“我家老爷子在老金沟镖打老果子,马蹄金送金大拿上西天,靠得就是这飞刀的功夫。”沈隆却没急着看牌,慢悠悠把牌背面朝上理成一排。
老蝙蝠还在这儿琢磨着朱老山是谁呢,围观的土匪却有点等不及了,尤其是刚才比武输得那几个,都想早点看到沈隆输掉的样子,“我说你这庄家咋还不开始打牌啊?大家伙儿都等着呢,赶紧先打一张再说话。”
“这打牌啊,不是打得快就好,再说了,我这牌也没啥打得啊。”沈隆也不生气,笑呵呵把牌翻了过来,只见四副搭子再加一对将牌刚好胡牌,沈隆把牌一推,“天胡。”
聚义厅里顿时鸦雀无声,老蝙蝠的笑容立马凝固,瞪大眼睛看着沈隆面前的牌,细细数了好几遍也没找到任何问题,人家就是天胡;他还挑不出毛病来,牌是从他面前开始起的,沈隆面前的牌就没动过,麻将、色子也是山寨里的。
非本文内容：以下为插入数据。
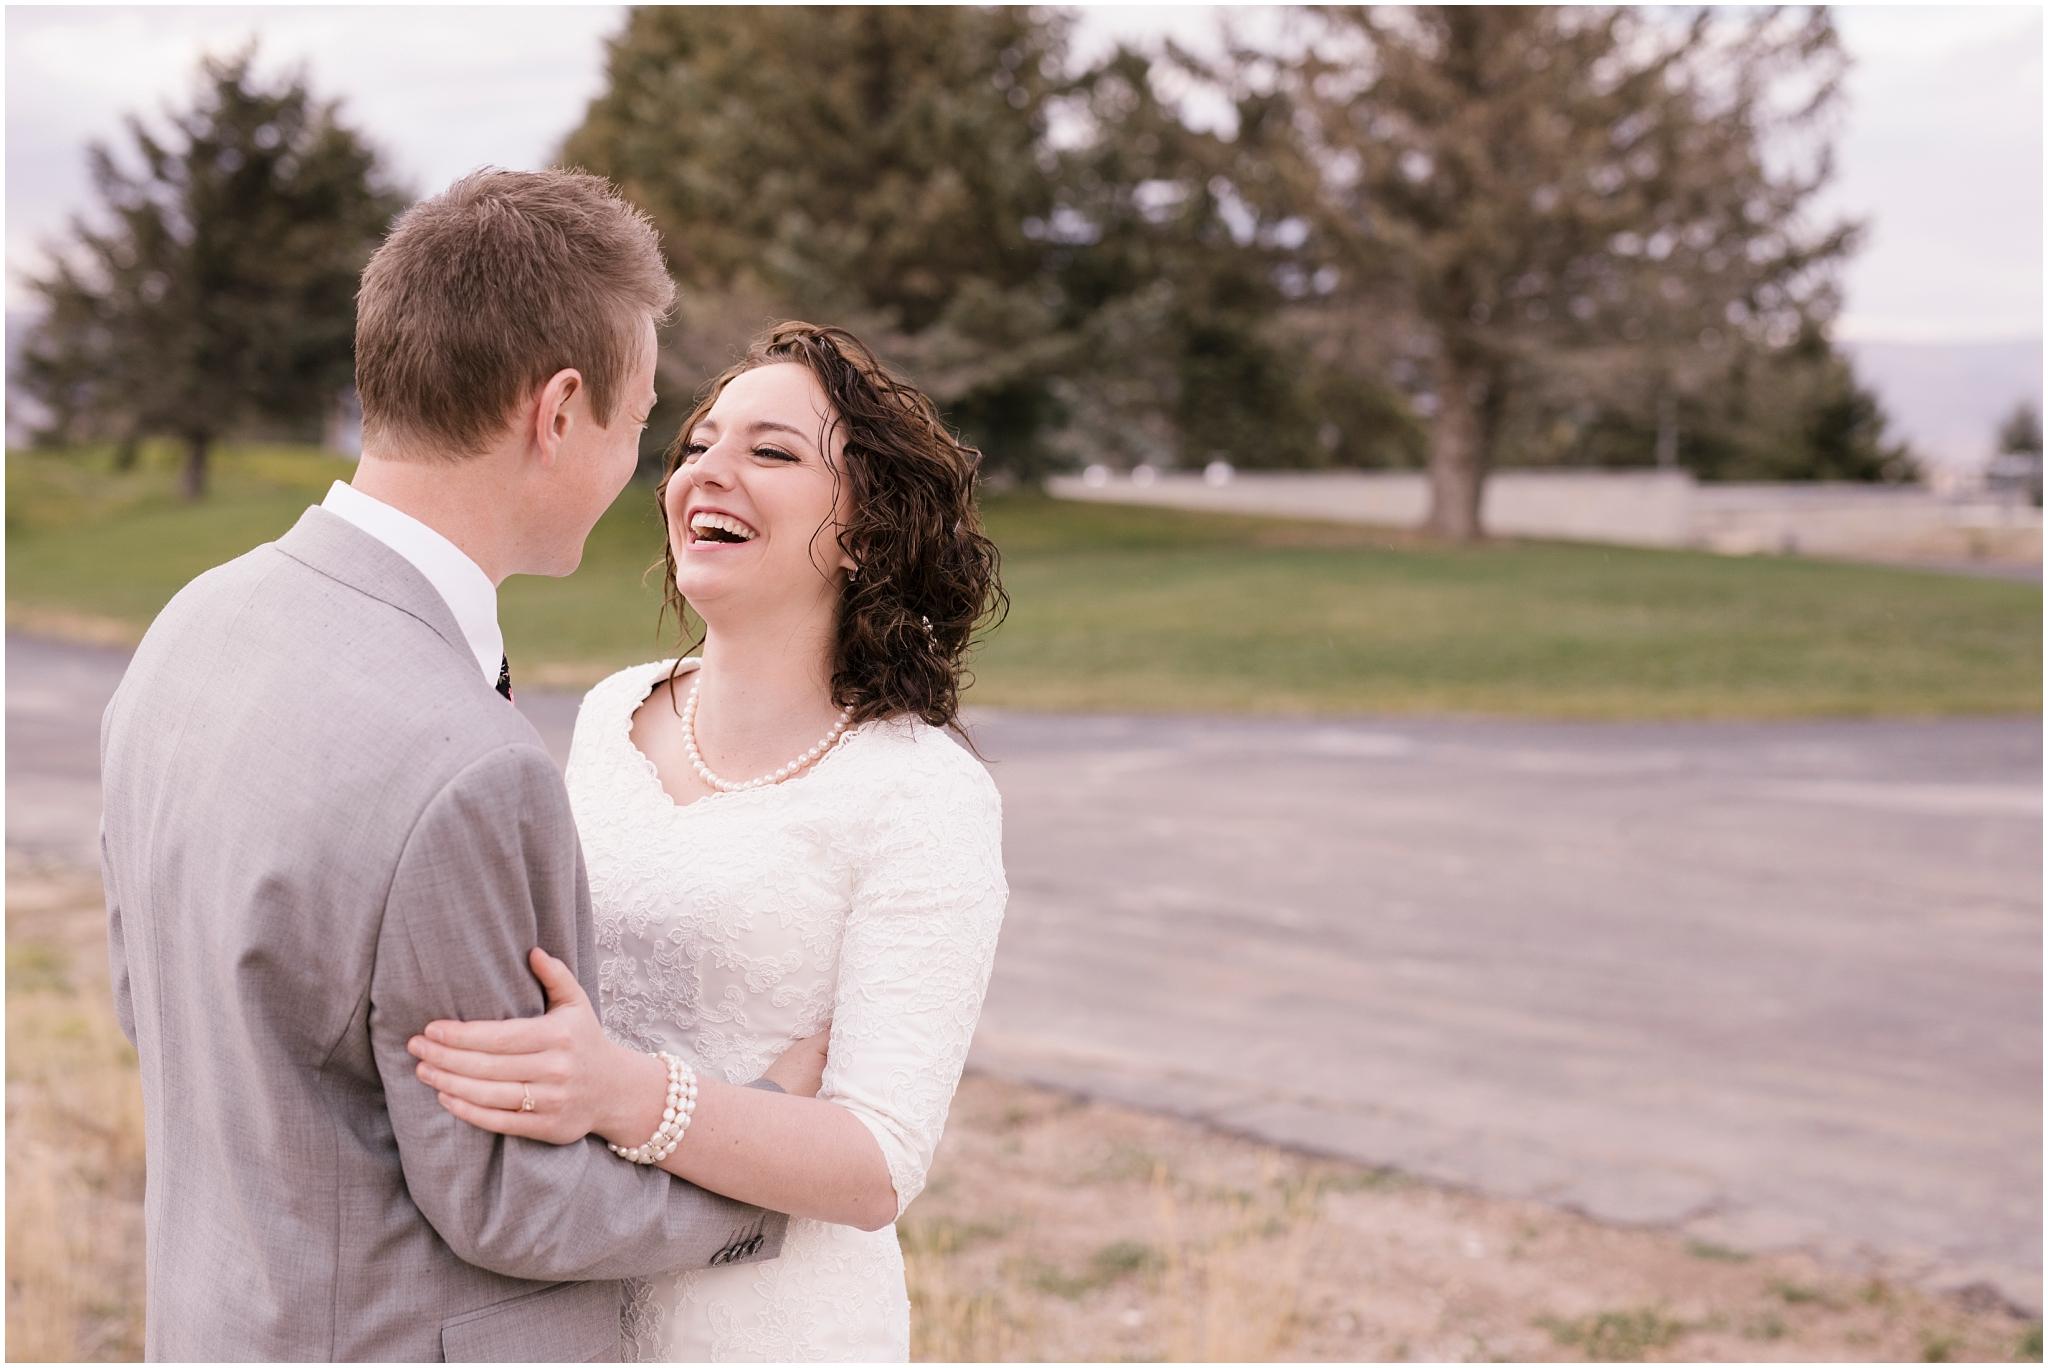 BA-Bridals-70_Lizzie-B-Imagery-Utah-Wedding-Photographer-Central-Utah-Photographer-Utah-County-Manti-Utah-Temple.jpg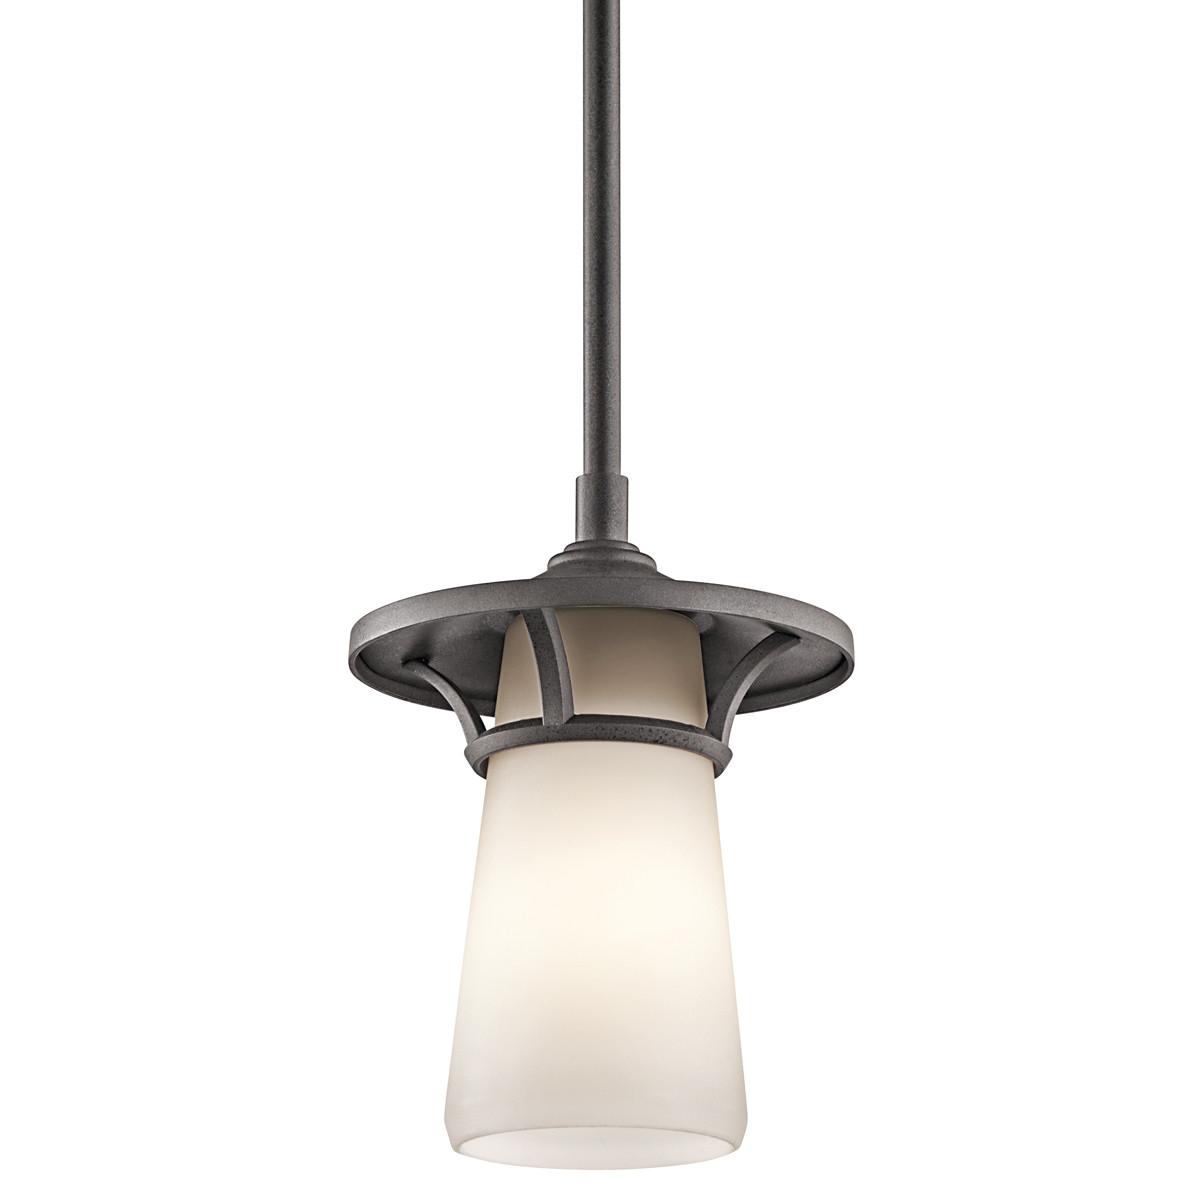 Kichler Lura 1 Light Outdoor Pendant L Brilliant Source Lighting

人家就算真有手艺,他们也看不出来啊,赌场上的规矩,没当场看出来出千就谁也不能不认账,老蝙蝠这下就尴尬了,难道真要认这个年轻人当老大?
“哦,莫不是老金沟的朱开山。”军师脑子转得快,试图缓解下聚义厅里的尴尬局面,他终于想起那些事儿是谁干得了。